Java is NEVER pass-by-reference, right?...right?
JavaPass by-ReferencePass by-ValueJava Problem Overview
> Possible Duplicate:
> Is Java “pass-by-reference”?
I found an unusual Java method today:
private void addShortenedName(ArrayList<String> voiceSetList, String vsName)
{
if (null == vsName)
vsName = "";
else
vsName = vsName.trim();
String shortenedVoiceSetName = vsName.substring(0, Math.min(8, vsName.length()));
//SCR10638 - Prevent export of empty rows.
if (shortenedVoiceSetName.length() > 0)
{
if (!voiceSetList.contains("#" + shortenedVoiceSetName))
voiceSetList.add("#" + shortenedVoiceSetName);
}
}
According to everything I've read about Java's behavior for passing variables, complex objects or not, this code should do exactly nothing. So um...am I missing something here? Is there some subtlety that was lost on me, or does this code belong on thedailywtf?
Java Solutions
Solution 1 - Java
As Rytmis said, Java passes references by value. What this means is that you can legitimately call mutating methods on the parameters of a method, but you cannot reassign them and expect the value to propagate.
Example:
private void goodChangeDog(Dog dog) {
dog.setColor(Color.BLACK); // works as expected!
}
private void badChangeDog(Dog dog) {
dog = new StBernard(); // compiles, but has no effect outside the method
}
Edit: What this means in this case is that although voiceSetList
might change as a result of this method (it could have a new element added to it), the changes to vsName
will not be visible outside of the method. To prevent confusion, I often mark my method parameters final
, which keeps them from being reassigned (accidentally or not) inside the method. This would keep the second example from compiling at all.
Solution 2 - Java
Java passes references by value, so you get a copy of the reference, but the referenced object is the same. Hence this method does modify the input list.
Solution 3 - Java
The references themselves are passed by value.
From Java How to Program, 4th Edition by Deitel & Deitel: (pg. 329)
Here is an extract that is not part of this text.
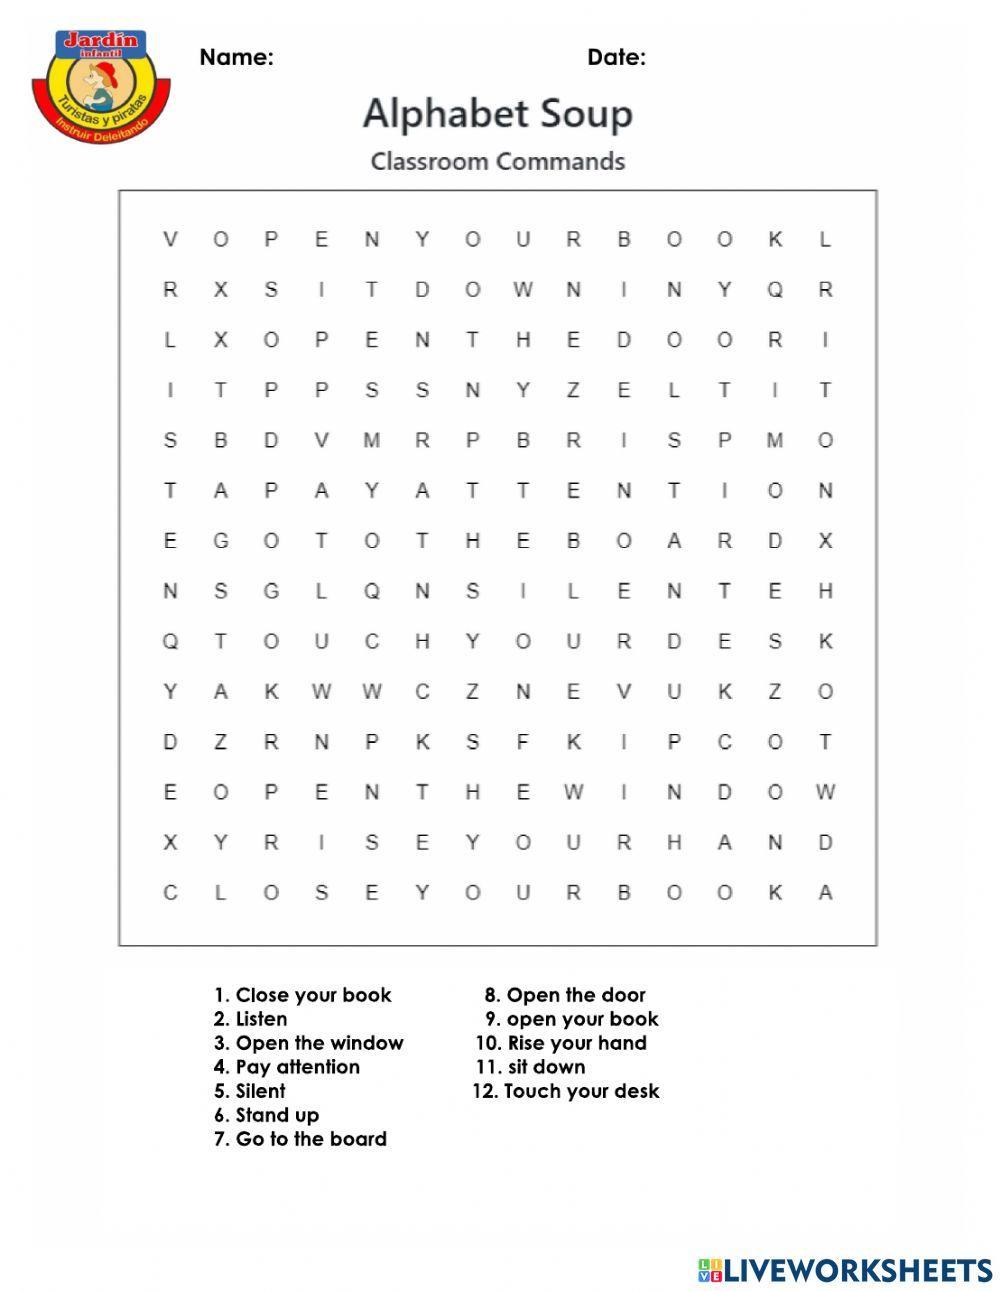 Alphabet soup classroom commands

> Unlike other languages, Java does not allow the programmer to choose whether to pass each argument by value or by reference. Primitive data type variables are always passed by value. Objects are not passed to methods; rather, references to objects are passed to methods. The references themselves are passed by value—a copy of a reference is passed to a method. When a method receives a reference to an object, the method can manipulate the object directly.
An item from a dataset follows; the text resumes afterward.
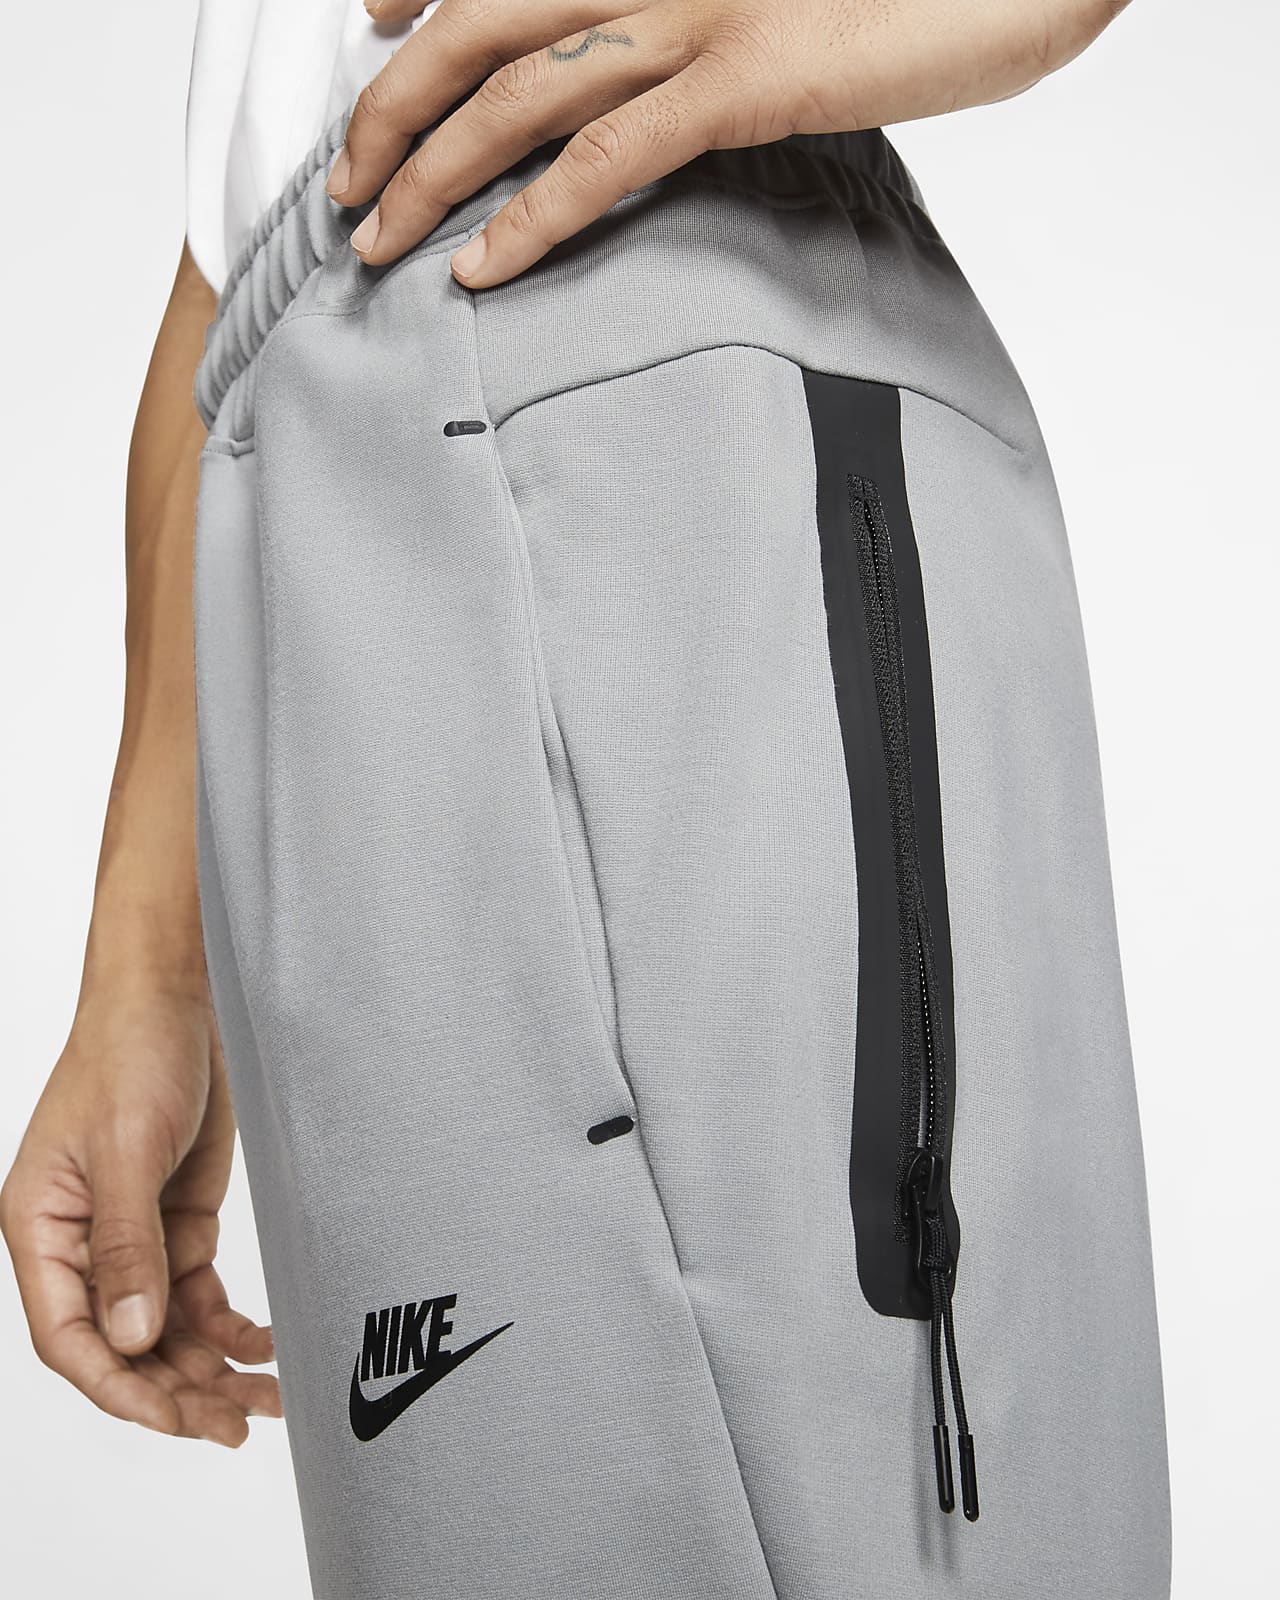 Nike Sportswear Men's Joggers.

Used this book when learning Java in college. Brilliant reference.
Here's a good article explaining it. http://www.javaworld.com/javaworld/javaqa/2000-05/03-qa-0526-pass.html
Solution 4 - Java
Well, it can manipulate the ArrayList
- which is an object... if you are passing an object reference around (even passed by value), changes to that object will be reflected to the caller. Is that the question?
Solution 5 - Java
I think you are confused because vsName is modified. But in this context, it is just a local variable, at the exact same level as shortenedVoiceSetName.
Solution 6 - Java
It's not clear to me what the exact question within the code is. Java is pass-by-value, but arrays are pass-by-reference as they pass no object but only pointers! Arrays consist of pointers, not real objects. This makes them very fast, but also makes them dangerous to handle. To solve this, you need to clone them to get a copy, and even then it will only clone the first dimension of the array.
For more details see my answer here: https://stackoverflow.com/questions/1175620/in-java-what-is-a-shallow-copy/12986375 (also see my other answers)
By the way, there are some advantages as arrays are only pointers: you can (ab)use them as synchronized objects!